Thursday, August 30, 2012

Finally publishing something!

Let me start this off by saying I am having a lot of trouble with this blog thing. Not because I don't want to do it, or can't think of what to write but the exact opposite! I have too much I want to write about! Even in the first couple days of class we have covered dozens of topics I couple write pages and pages on. Alas, the tragedy of being verbose and opinionated!

But instead of spending more time scanning through the readings and writing and re-writing opening paragraphs I am just going to do this. Yeah. Let's go!

Doing gender. Okay, I have some fairly strong views on everything! on my own gender identity and gender in general. Some background - I was homeschooled for the second half of my pre-college education, and that combined with living in liberal Massachusetts surrounded me with some very alternative people. I really can't begin to describe these communities. But let me just say that gender norms, as well as 'normal' sexualities and relationships, did not apply.

It was not rare for my guy friends to wear skirts. Sometimes because they were more fun to dance in. Other times because their older sister insisted they looked adorable. Often just because they wanted to. Several of my closest friends consider their gender to be unimportant - although they are biologically one sex or the other, they do not feel a strong identification with the associated gender. My friends are asexual, bisexual, pansexual. Men, women, both or neither.

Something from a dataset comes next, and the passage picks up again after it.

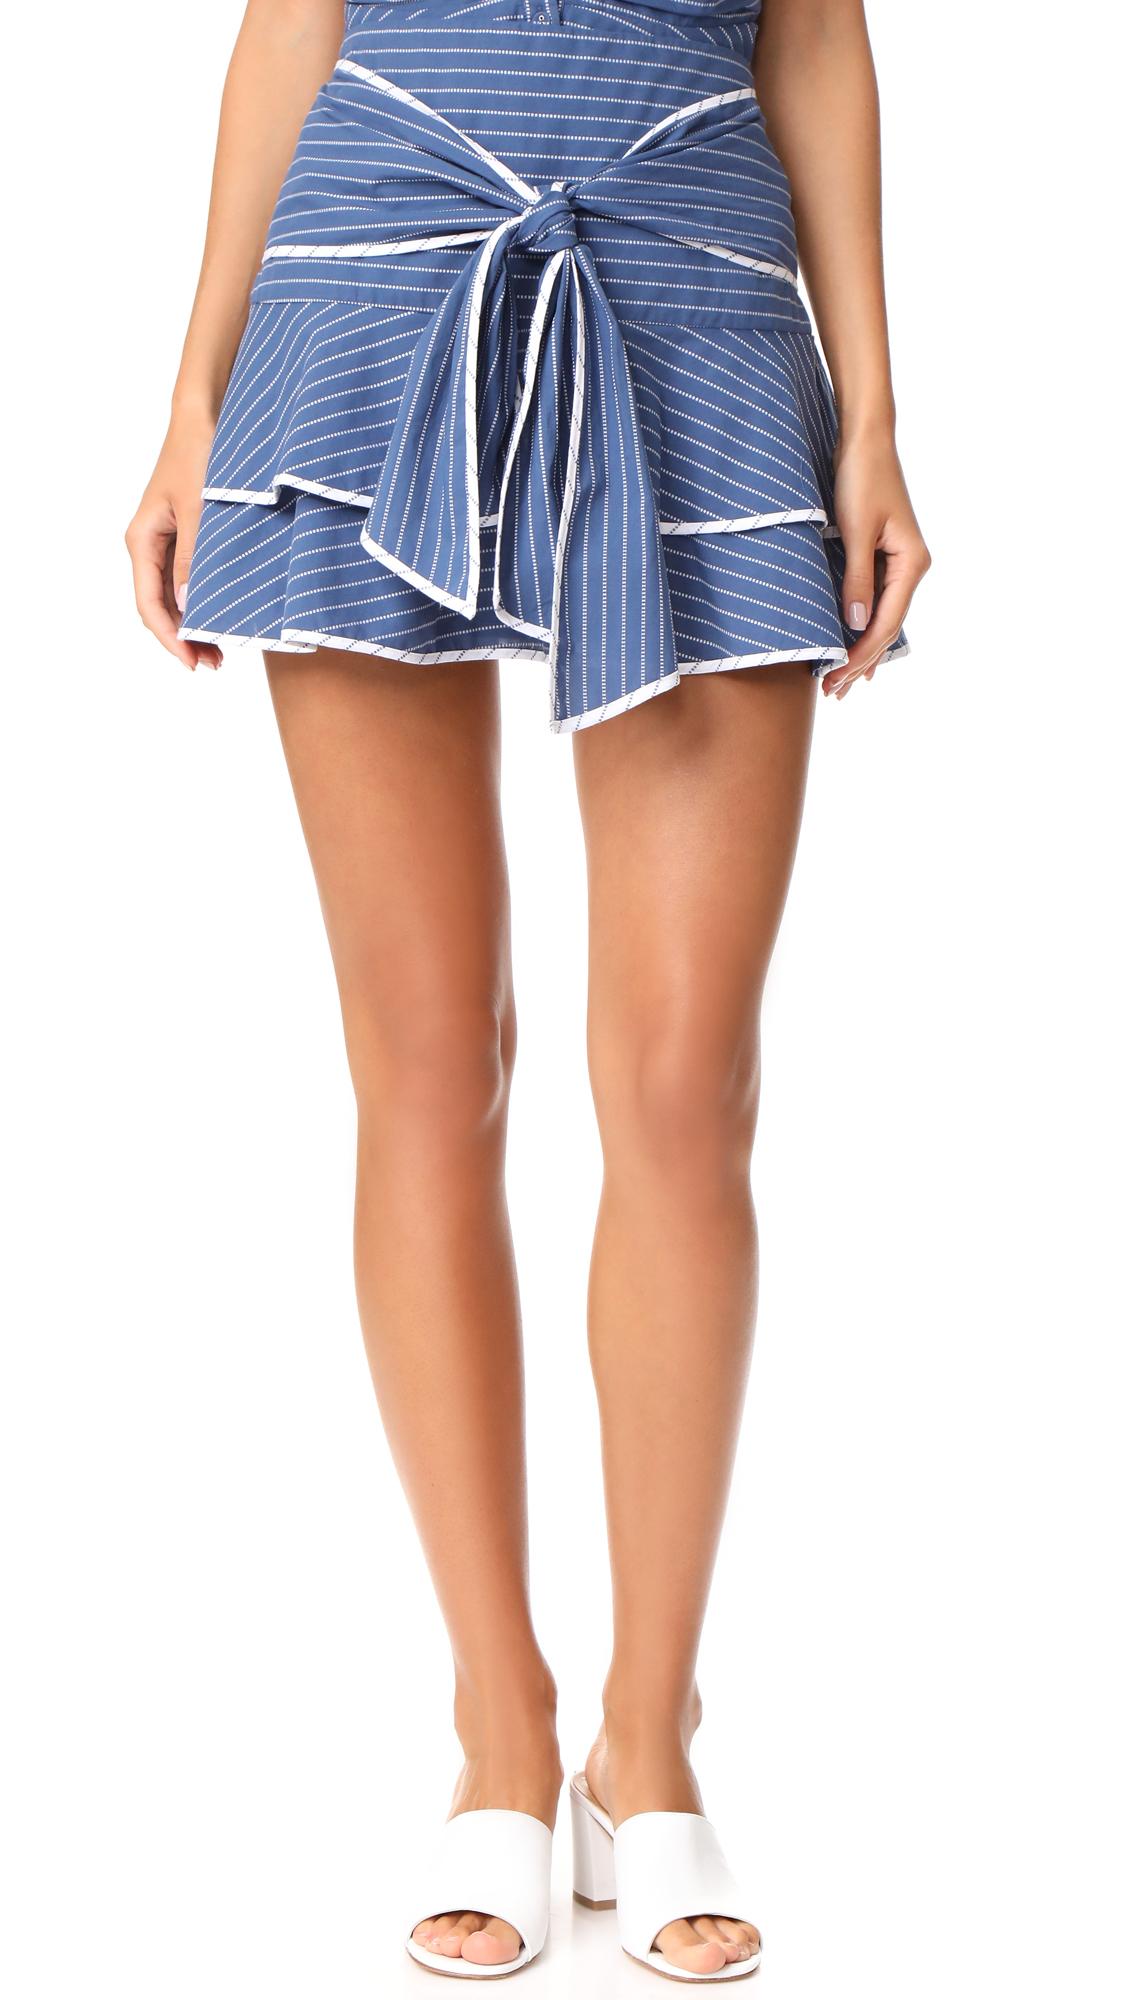 Parker Maiden Combo Skirt - Blue

This was a diversity I took for granted and when I began to expand into "the real world" it was a little but of a culture shock. It was not that I was unaware that all this was completely abnormal. But just the little things -  like the lack of boys and men with long hair - were surprisingly different.

I always was considered one of the more "normal" people in my friend groups - I identified with an "acceptable" gender, I tended to dress and behave in a way that reflected that gender in an "acceptable" way and, comparatively, I didn't stick out from the crowd . Being "normal" in this way was not looked-down upon nor admired - it was just the way I was.

However, in the wider world I feel far from normal. While my gender expression may not come across as outside the norm - I don't identity 100% with what "being a woman" seems to mean. I have a very definite masculine side to my personality that I am proud to have. Whether that masculinity fits into anybody else's definition of masculine doesn't matter. My masculinity sometimes expresses itself in the pair of jeans I chose to wear that day, in the pitch of my voice, or just my energy at that moment.

Alright I have written a lot. I could say much more about my own definition of my femininity and masculinity, but I doubt it would be all that interesting. So in conclusion! My perspective on gender has been strongly shaped by my environment (as everyone's is!) and because of my particular experiences I know there is much more than MAN or WOMAN in every person.